09/15/2023
I heard the terms CONVERGENT vs. DIVERGENT thinking pop up in a video that was shared with me by Alex Hormozi (bring out the pitchforks 🔱🔥🪧).
It's a common distinction that was coined in the 1950s by a psychologist. And it reminded me of why Data Analytics is misused and hard to get right. Especially in technical organizations like many Manufacturers.
Many engineering problems in manufacturing can be solved with convergent thinking (a singular correct solution to a problem). You know your inputs and your desired outputs. You can tweak some variables to get the desired output.
And that certainly isn't incorrect in any way. It just can be hard to get out of that mindset when you need to.
With data you need convergent thinking to build those dashboards for monitoring things. Things like OTD, revenue, OEE, and other KPIs to keep an eye on.
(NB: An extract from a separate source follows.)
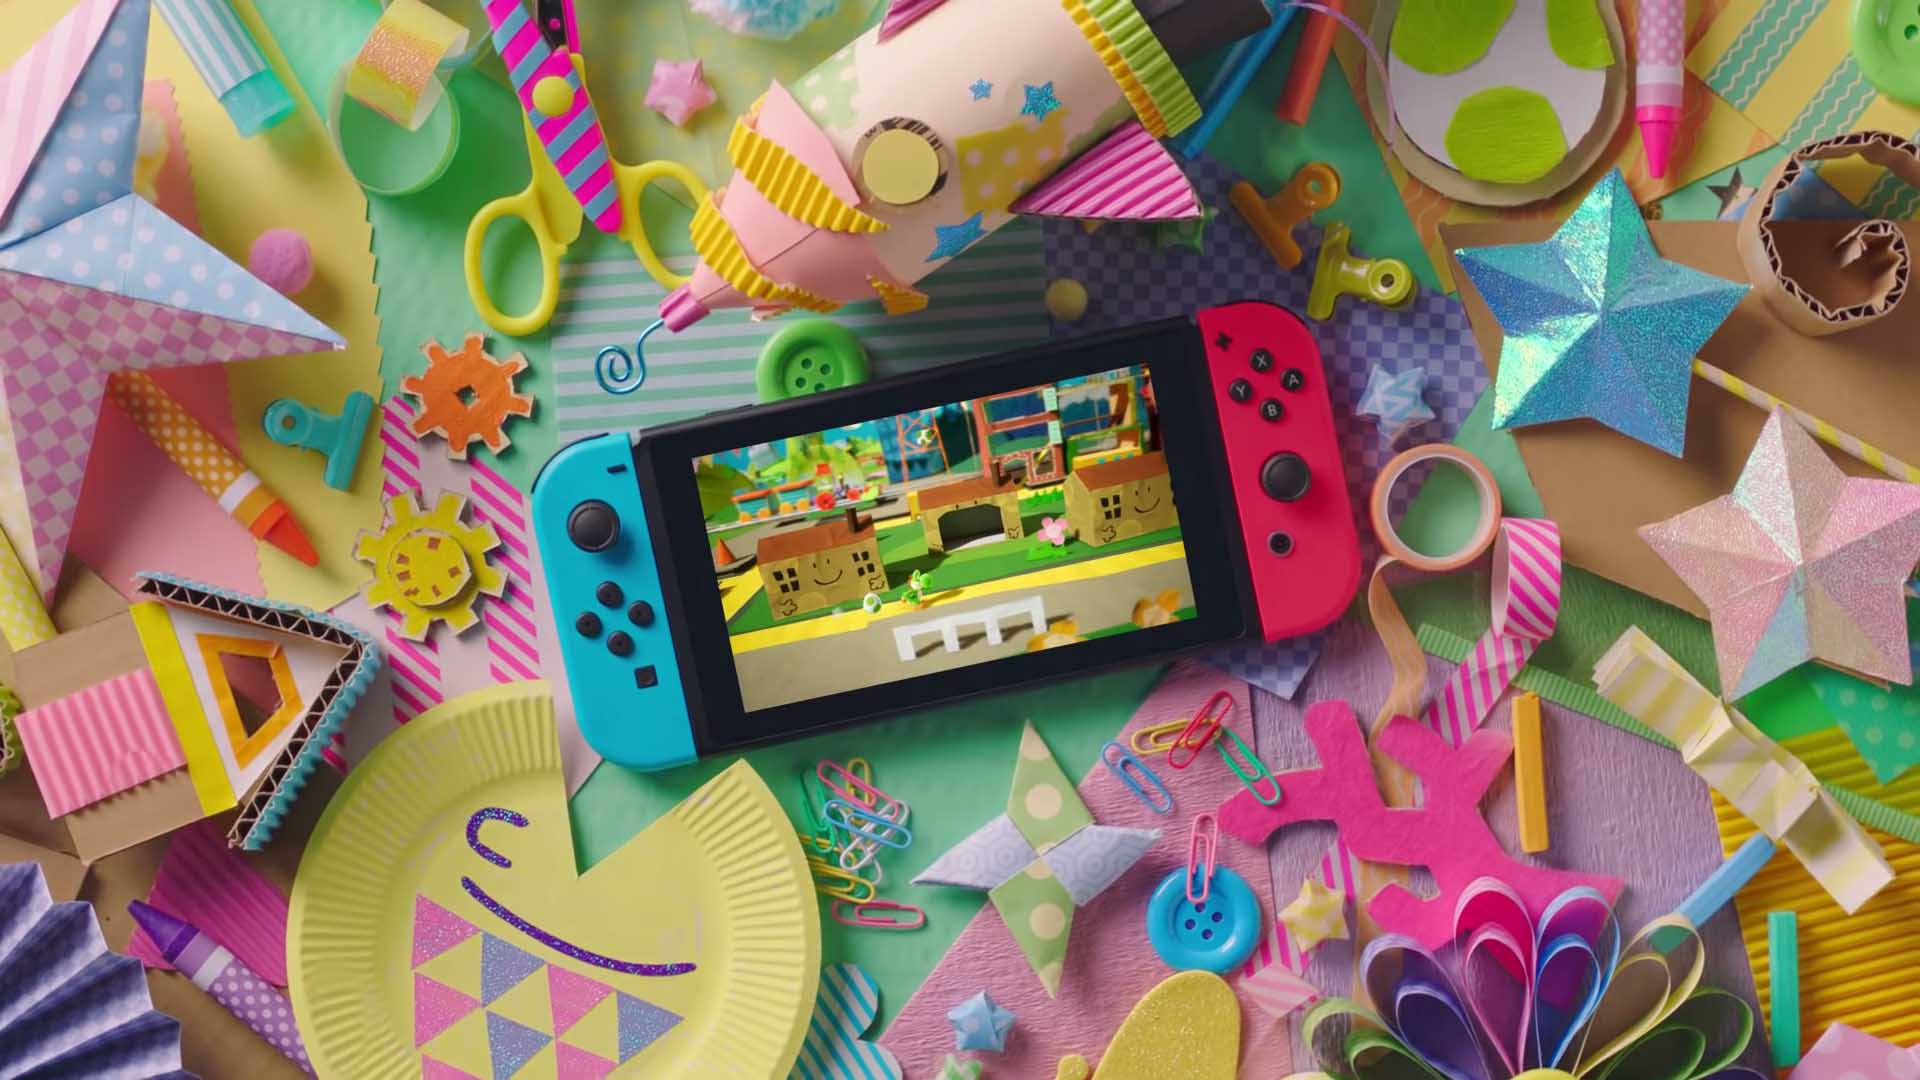 Watch three Nintendo regions promote Yoshi's Crafted World a little differently ...

But to be "data driven" and give high impact analytics, you need to think divergently (coming up with many potentially correct solutions that can be chosen from).
And it's actually a cycle.
1. You use convergent thinking to define a problem. e.g. our OEE is too low
2. You use divergent thinking to get data around Availability, Performance, and Quality. This data gives potential solutions to fix that bad OEE metric.
3. You use convergent thinking to choose the solution that the data suggests gives the best and biggest chance of success.
4. You implement the solution, and use divergent thinking to gather data on all the potential downstream impacts of the change.
5. If it didn't work or something negative and unexpected happened (e.g. Availability improved but Quality dropped), you use convergent thinking to narrow in on the problem again. AKA start back at 1.
If you get stuck at the Convergent thinking stage, you end up asking "so what" when talking data.